В это время книжка вспыхнула, осветив их унылые лица, невольно смотревшие на огонь, и каждое склоненное к своему плечу.

— Строем бараны идут, бьют в барабаны, — сказал Глинский, — шкуру для барабанов дают сами бараны. — И вдруг, бешено обернувшись, показал кукиш городу за окном.

Ночью в моей комнате под музыку поплыл фонарь, и голос Полины-комендантши произнес:

— Сын Алексей. Одиннадцать с половиной лет. Прописка с 01.06.45 года.

Сиплый мужской голос тут же поддержал:

— А ну-ка проснись, Алеша Попович… Мы тут кое-что поглядим…

Луч фонаря уперся в выключатель, и шар-плафон зажегся, как это бывает только ночью, не желтым, а белым светом. В квартире, как в праздник, все двери открыты, все люстры зажжены. Над нами в тридцать девятой квартире патефон играл «Брызги шампанского». По коридору ходили военные. Военный с сиплым простуженным голосом протянул мне кусок колотого сахара:

— Хочешь мороженого?

— Это же сахар, — поддержал шутку я.

— А ты его возьми в рот, а попу выставь в форточку, будет холодно и сладко, — и он захохотал.
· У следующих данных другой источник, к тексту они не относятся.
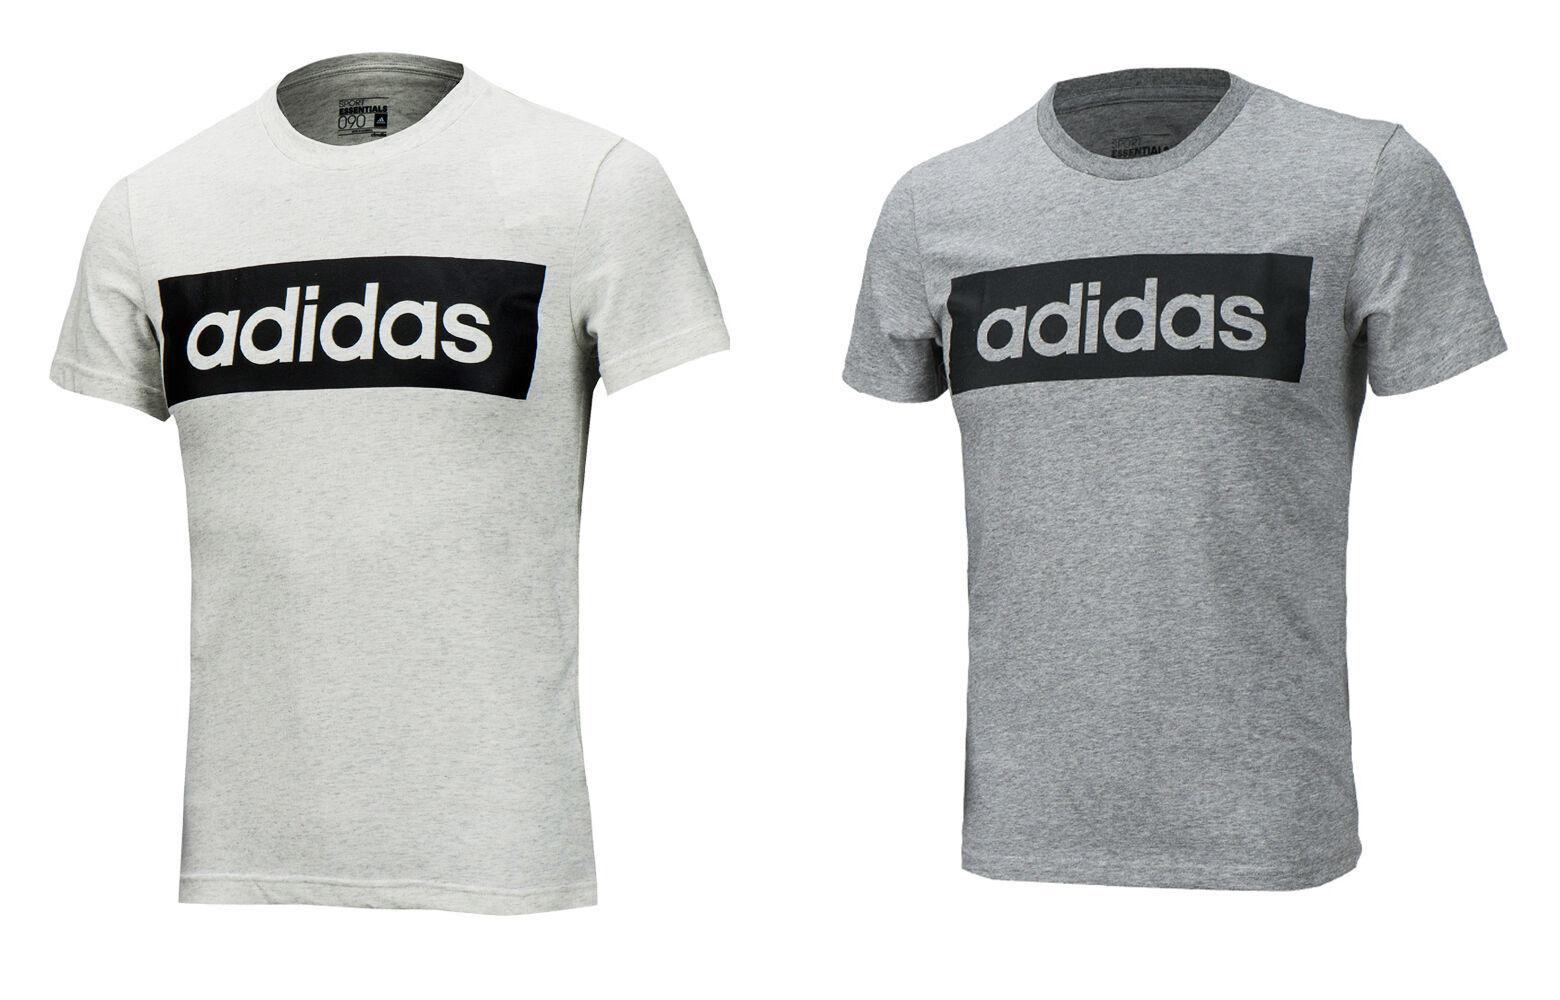 Adidas Linear S S Top AK1809 AY6255 Soccer Football Training Climalite Tee

Другой военный, помоложе, внес в детскую два желтых стираных, будто накрахмаленных мешка.

— Тю, — сиплый военный, был он майор, обернулся.

И я тоже увидел, как из шкафа в маминой комнате вылезают Бела с Леной в ночных рубашках.

— Дрейдены, — прочла Полина, — Бела Соломоновна и Лена Соломоновна, племянницы по линии супруги, московская прописка аннулирована, здесь находятся с восьмого сентября.

— Барышням по конфетке, — приказал майор.

Я вышел босой, в трусах, и воткнулся в бабушку. Бабушка сидела на стуле с вещмешком-торбочкой за спиной и с преданностью смотрела на военных.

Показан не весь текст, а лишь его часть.